Giovedì 27 ottobre, ore 21
(Wild Hungary – A water wonderland)
di Zoltán Török – Produzione: Azara Film in associazione con NDR Naturfilm / Studio Hamburg DocLights per NDR, BR, ARTE – Ungheria / Germania– Durata: 51 min. –Area trattata: Parchi Nazionali Duna-Dráva, Hortobágy e Balatonfelvidéki, Ungheria
Premio “Regione Lombardia” per il miglior film nell’Unione Europea
L’ambiente dell’Ungheria, paese dalla caretteristiche uniche in Europa, è influenzato dai ritmi dei suoi fiumi. Aquile reali, lontre ed enormi pesci gatto condividono gli habitat delle zone umide con molte altre specie che vivono, spesso innoservate, a contatto con gli uomini. Tutti gli abitatori di questo paese hanno imparato a convivere con l’alternanza di piene e siccità. Il documentario racconta la loro storia, mostrando anche dei comportamenti della fauna, come la danza dei cervi e i pesci gatto che svernano, mai filmati prima d’ora.

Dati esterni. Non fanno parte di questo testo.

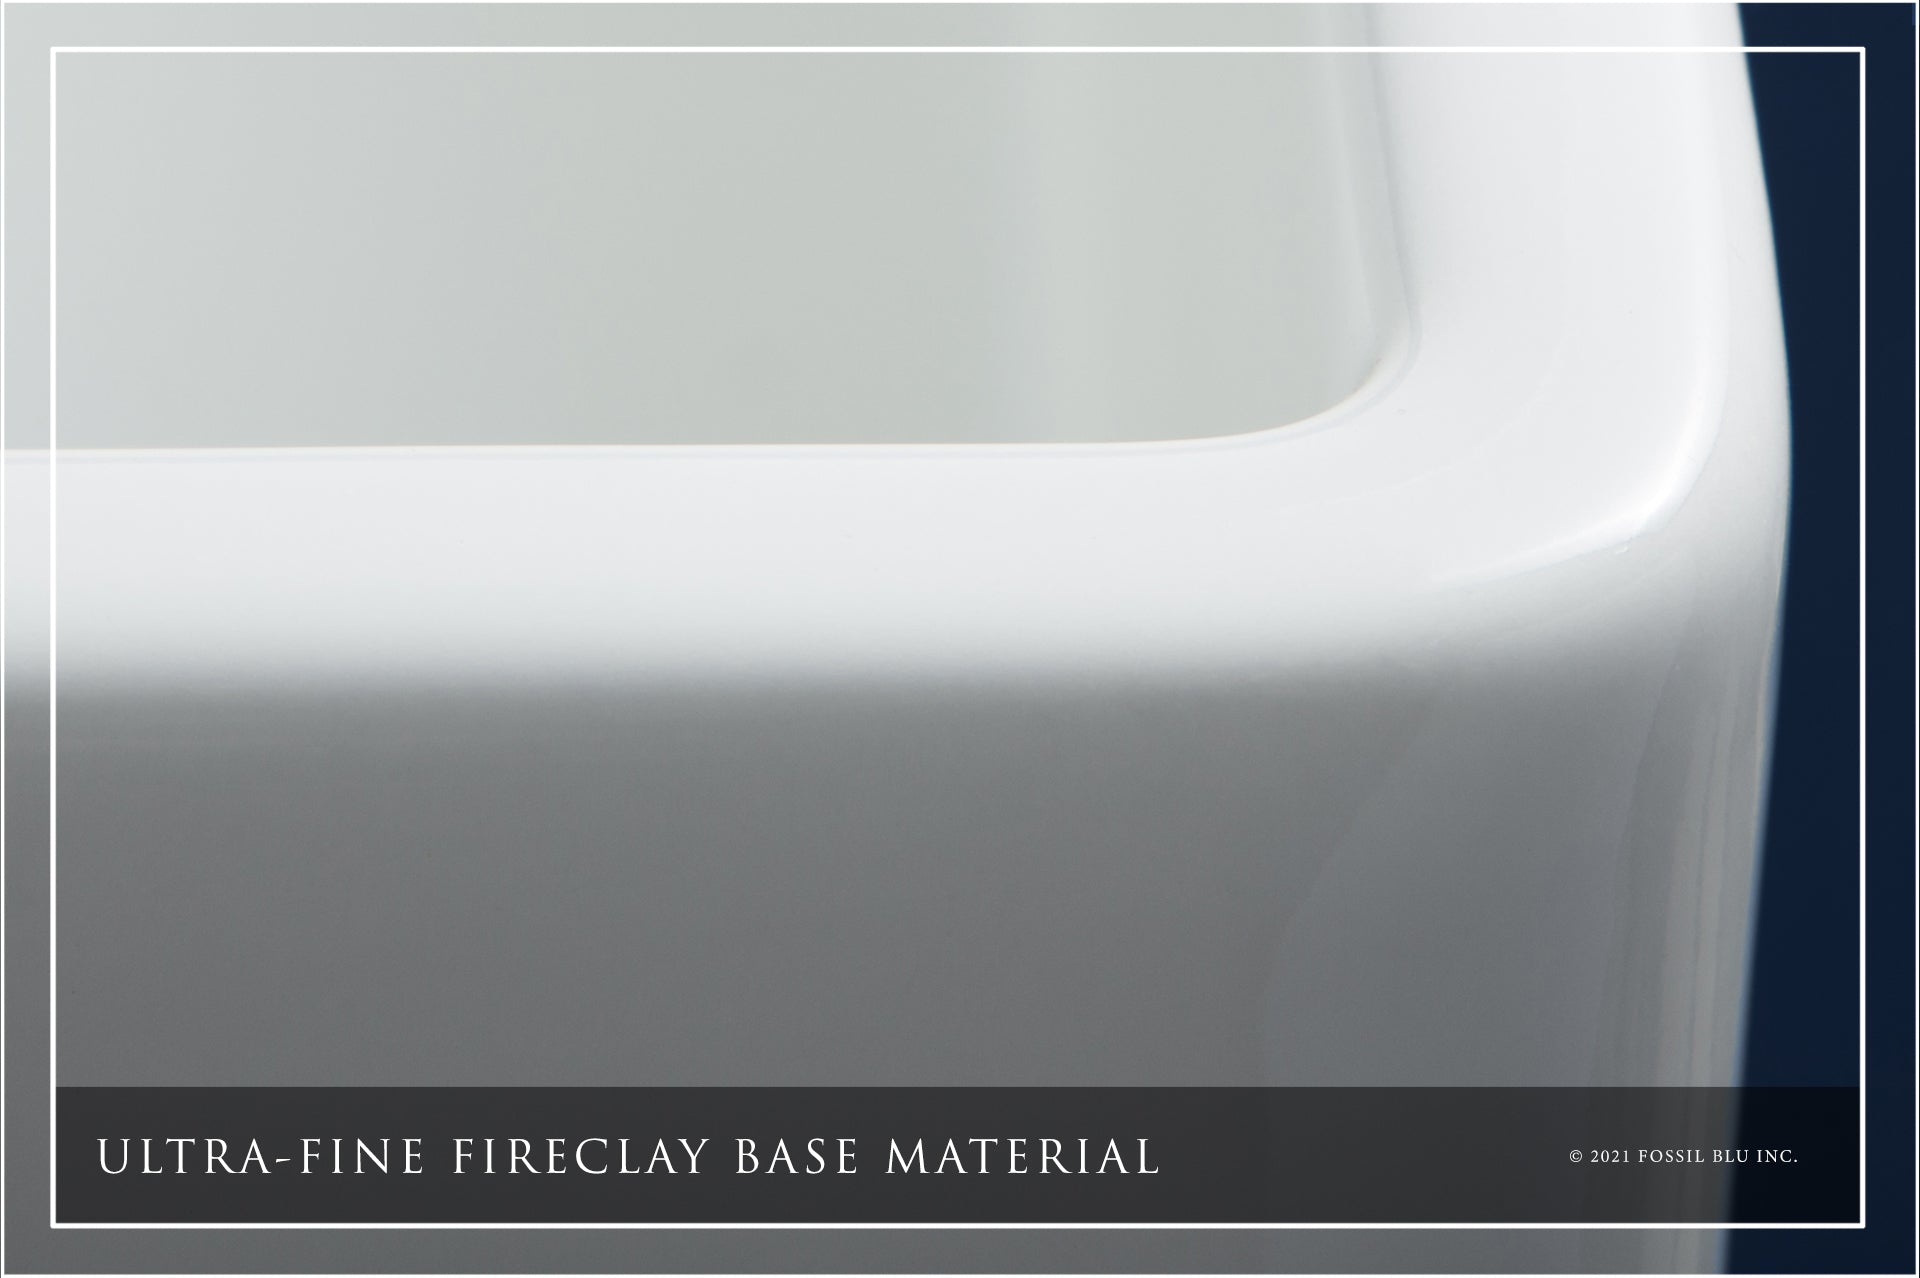 FSW1010PN LUXURY 26-INCH SOLID FIRECLAY FARMHOUSE SINK IN WHITE, POLISHED NICKEL ACCS, BELTED FRONT

di Massimiliano Sbrolla e Paolo Aralla– Produzione: Roberto Dall’Angelo, SD Cinematografica – Italia 2010 - Durata: 52 min. - Area trattata: Parco Nazionale del Karakorum Centrale, Pakistan
I ghiacciai sono degli indicatori affidabili sui cambiamenti climatici ed ambientali che si stanno verificando a livello globale. Cento anni dopo la spedizione scientifica e alpinistica del Duca degli Abruzzi sul ghiacciaio del Baltoro, nel Karakorum, un gruppo di ricercatori e fotografi ne ripercorrono le tracce. La loro missione è quella di effettuare accurate analisi climatologiche e nel contempo realizzare un archivio di immagini sulle trasformazioni del ghiacciaio e dell’ambiente in genere nel corso dell’ultimo secolo.

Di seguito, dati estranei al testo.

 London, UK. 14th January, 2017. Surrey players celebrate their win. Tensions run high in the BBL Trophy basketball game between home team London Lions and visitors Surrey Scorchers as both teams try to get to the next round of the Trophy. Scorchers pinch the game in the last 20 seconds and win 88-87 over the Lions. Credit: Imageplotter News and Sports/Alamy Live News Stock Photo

Venerdì 28 ottobre, ore 21.15
(Out of the Ashes)
di Dione Gilmore – Produzione: Tony Wright, December Films – Australia 2010 – Durata: 54 min. - Aree trattata: Parchi Nazionali Dandenong e Kinglake, Sherbrook Unit, Victoria, Australia
Primo premio “Città di Sondrio”
Il 7 febbraio 2009 devastanti incendi boschivi lacerarono lo Stato di Victoria, in Australia e incenerirono intere fasce di foresta vergine, insieme alla fauna. Ma contro ogni previsione, ci furono dei sopravvissuti Il documentario prende in esame gli incendi e il recupero dell’ambiente naturale nei 12 mesi successivi, attraverso le esperienze delle persone coinvolte. E’ una cronaca della rigenerazione delle piante e degli animali nativi: dai primi nuovi germogli degli eucalipti, alla guarigione di animali feriti e in pericolo di estinzione e al loro ritorno in natura. E’ la storia di come la natura sia risorta dalle ceneri.
UN’ISOLA NEL CIELO
(Sky Island)
di John Grabowska – Voce narrante: Meryl Streep - Produzione: John Grabowska, United States National Park – Stati Uniti 2010 – Durata: 28 min. - Aree trattate: Bandelier National Monument, Valles Caldera National Preserve, Santa Fe National Forest, New Mexico, Stati Uniti
Nel New Mexico settentrionale, una catena di montagne si erge da un altopiano desertico, è un territorio aspro e selvaggio. Le montagne Jemez di origine vulcanica, sono isolate da tutte le altre catene montuose, sono un’isola nel cielo, circondata da un mare di deserto. Il documentario mostra questo ambiente incantevole ed il ruolo di noi uomini in esso, insieme ai drammatici effetti dei cambiamenti climatici che stanno già trasformando il deserto e gli ecosistemi montani.